Within the park, the water emerges as springs at and above Burney Falls, where it flows at 100 million gallons every day (4.4 m^{3}/s).

==History==

Burney Falls was named after pioneer settler Samuel Burney who lived in the area in the 1850s. The McArthur Family were pioneer settlers who arrived in the late 19th century. Descendants were responsible for saving the waterfall and nearby land from development, purchasing the property and presenting it as a gift to the state in the 1920s.

== Burney Creek ==
Burney Creek is a tributary of the Pit River, with its mouth on Lake Britton reservoir to the north. The creek is the only area within the park where fishing is allowed.

It is possible to go upstream ten yards of the falls, where the view is so obstructed by natural elements that it's difficult to discern one is close to the cascade.

==Recreation==

=== Hiking ===

There are 5 mi of hiking trails winding through the park's evergreen forests. The Pacific Crest Trail passes through the park, and the park store can be used as a general delivery mailing address for hikers.
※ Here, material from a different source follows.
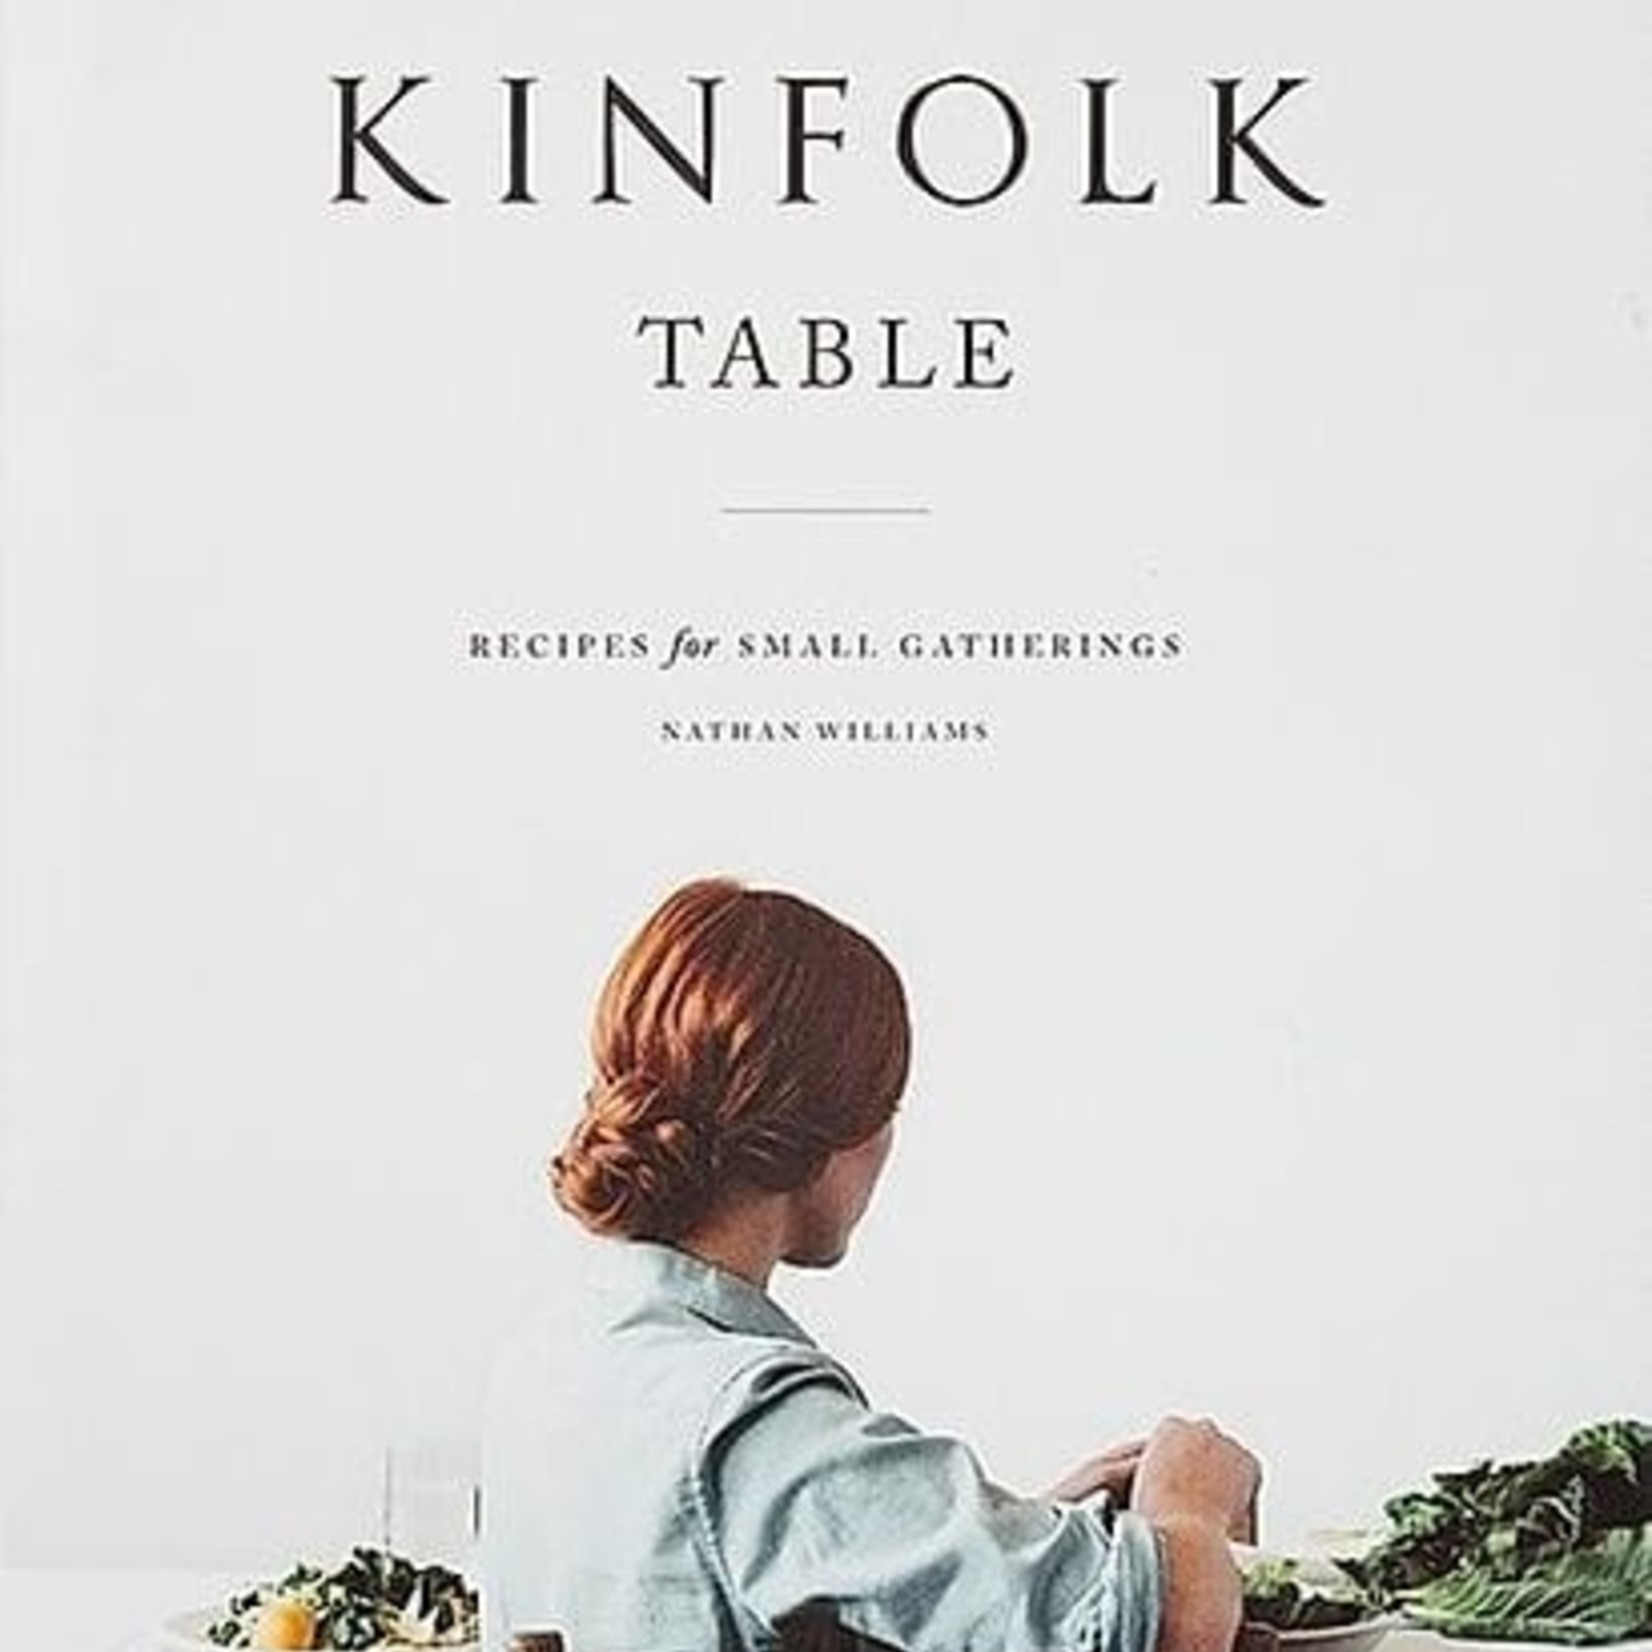 Kinfolk Table

There is also a hike to the Pioneer's Cemetery, (the longest hike in the park at around 3 mi.) There are three main trails leading from the falls; The Falls Loop Trail, Burney Creek Trail, and the Headwaters Loop Trail – all of which start near the visitor center.
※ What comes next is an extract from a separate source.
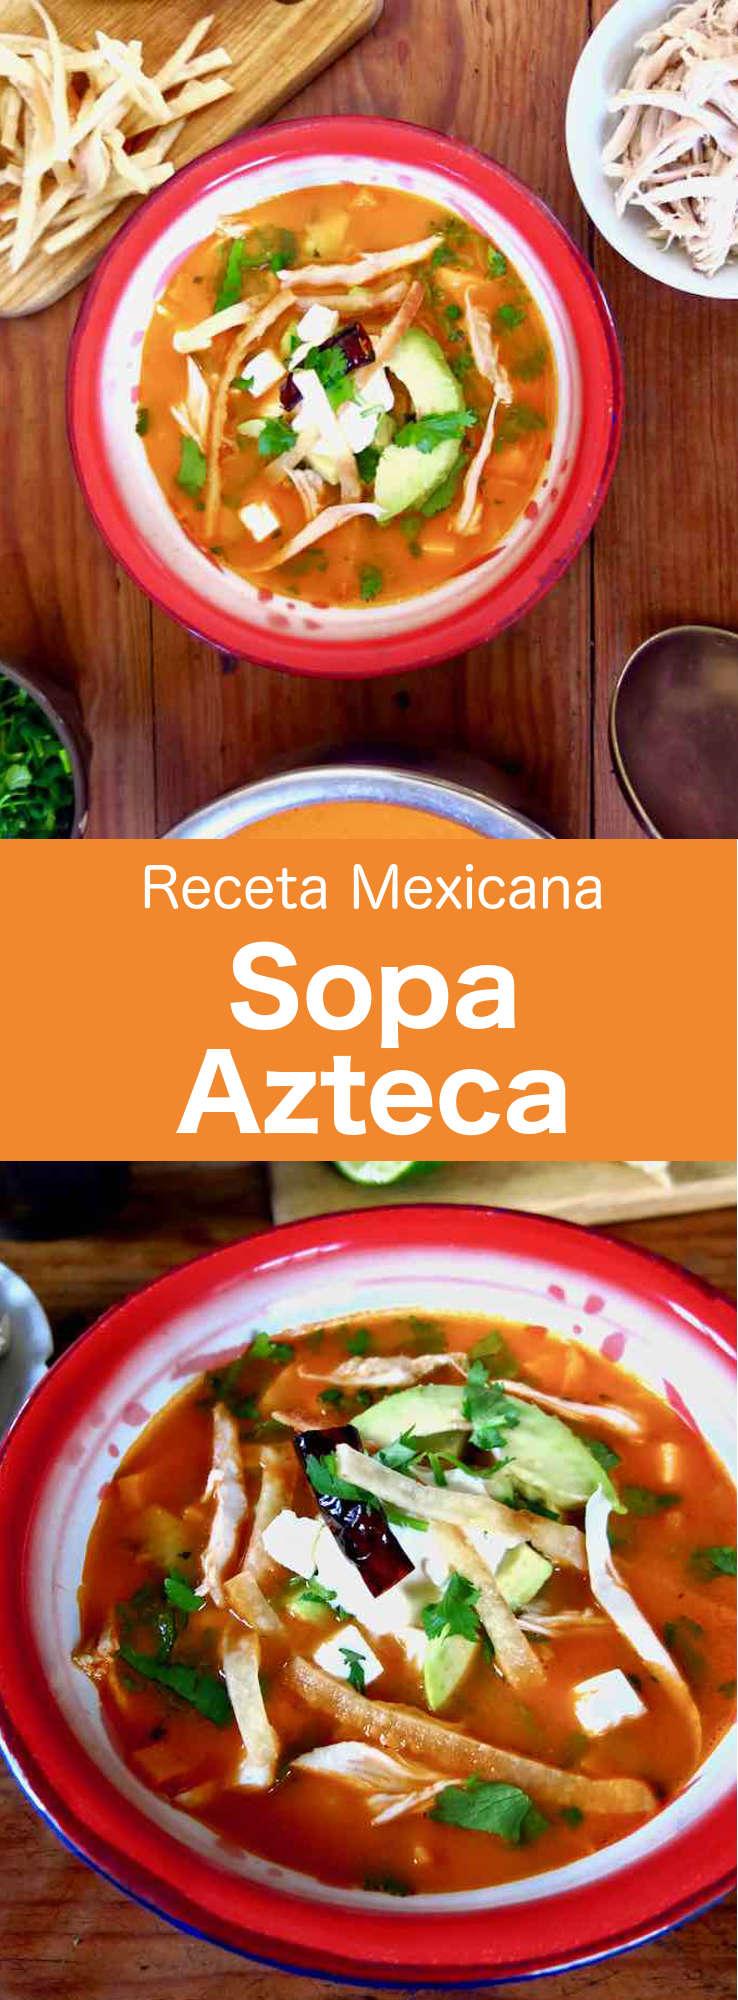 La sopa azteca es una deliciosa receta de una sopa tradicional mexicana preparada con tortillas fritas y servida con aguacate, queso y crema.

The primary trail is the Falls Loop Trail (0.75 mi) that begins at the Burney Falls overlook. From there, it descends to the bottom of the falls, proceeds downstream to the Rainbow Footbridge. From there, it crosses Burney Creek and ascends back on the other side of the ravine (providing alternate views of the falls), and finally returning across the creek again via Fisherman’s Bridge.
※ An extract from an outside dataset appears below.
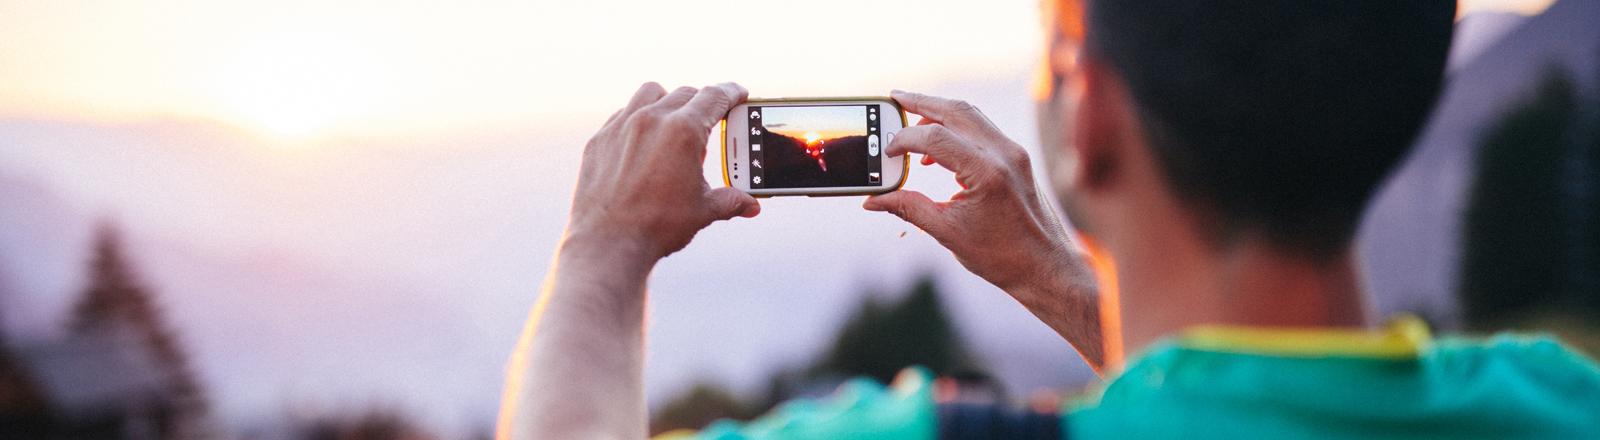 Mann, der ein Photo mit dem Handy macht.

The first alternate trail is the Burney Creek Trail (1 mi). It leads downstream from the Falls Loop Trail, at Rainbow Bridge, to Lake Britton and the swimming/boating area. It travels through some magnificent mixed coniferous forest and patches white diatomaceous earth. The second alternate is the Headwaters Trail (1 mi loop) that loops upstream from the Fisherman’s Bridge parking lot to the headwaters spring (feeding Burney Falls). The loop returns crossing the Pacific Crest Trail Footbridge, back downstream, and finally crossing Fisherman’s Bridge back to Fisherman’s parking lot.

=== Lake Britton ===

Also, a portion of Lake Britton (owned by PG&E) is accessible to all park visitors for swimming, boating, water sports, and a small portion is reserved for fishing. The water flowing into Lake Britton from Burney Creek stays at approximately 43 °F). The people who go boating are able to enjoy the 9 mi long lake and are able to explore numerous nooks and crannies well beyond the boundaries of McArthur–Burney Falls Memorial State Park. These include a rail bridge that was used in the 1986 movie Stand By Me, the Pit River Dam, many independent boat docks, and a villa owned by the PG&E employee association. Canoes, kayaks, paddle boats, or motorized patio boats are available to rent.

==Notable Facts==

- The railroad bridge scene from the 1986 film Stand By Me was filmed just outside the park on a bridge owned by the McCloud River Railroad over Lake Britton.
- Half of Burney Falls was seen in the 1988 George Lucas/Ron Howard movie Willow. The other half was digitally removed from the shots.
- The falls were called "the Eighth Wonder of the World" by President Theodore Roosevelt.
- The falls (behind them) is one of the few known nesting sites for the black swift
- Burney Falls were declared a National Natural Landmark in December 1984.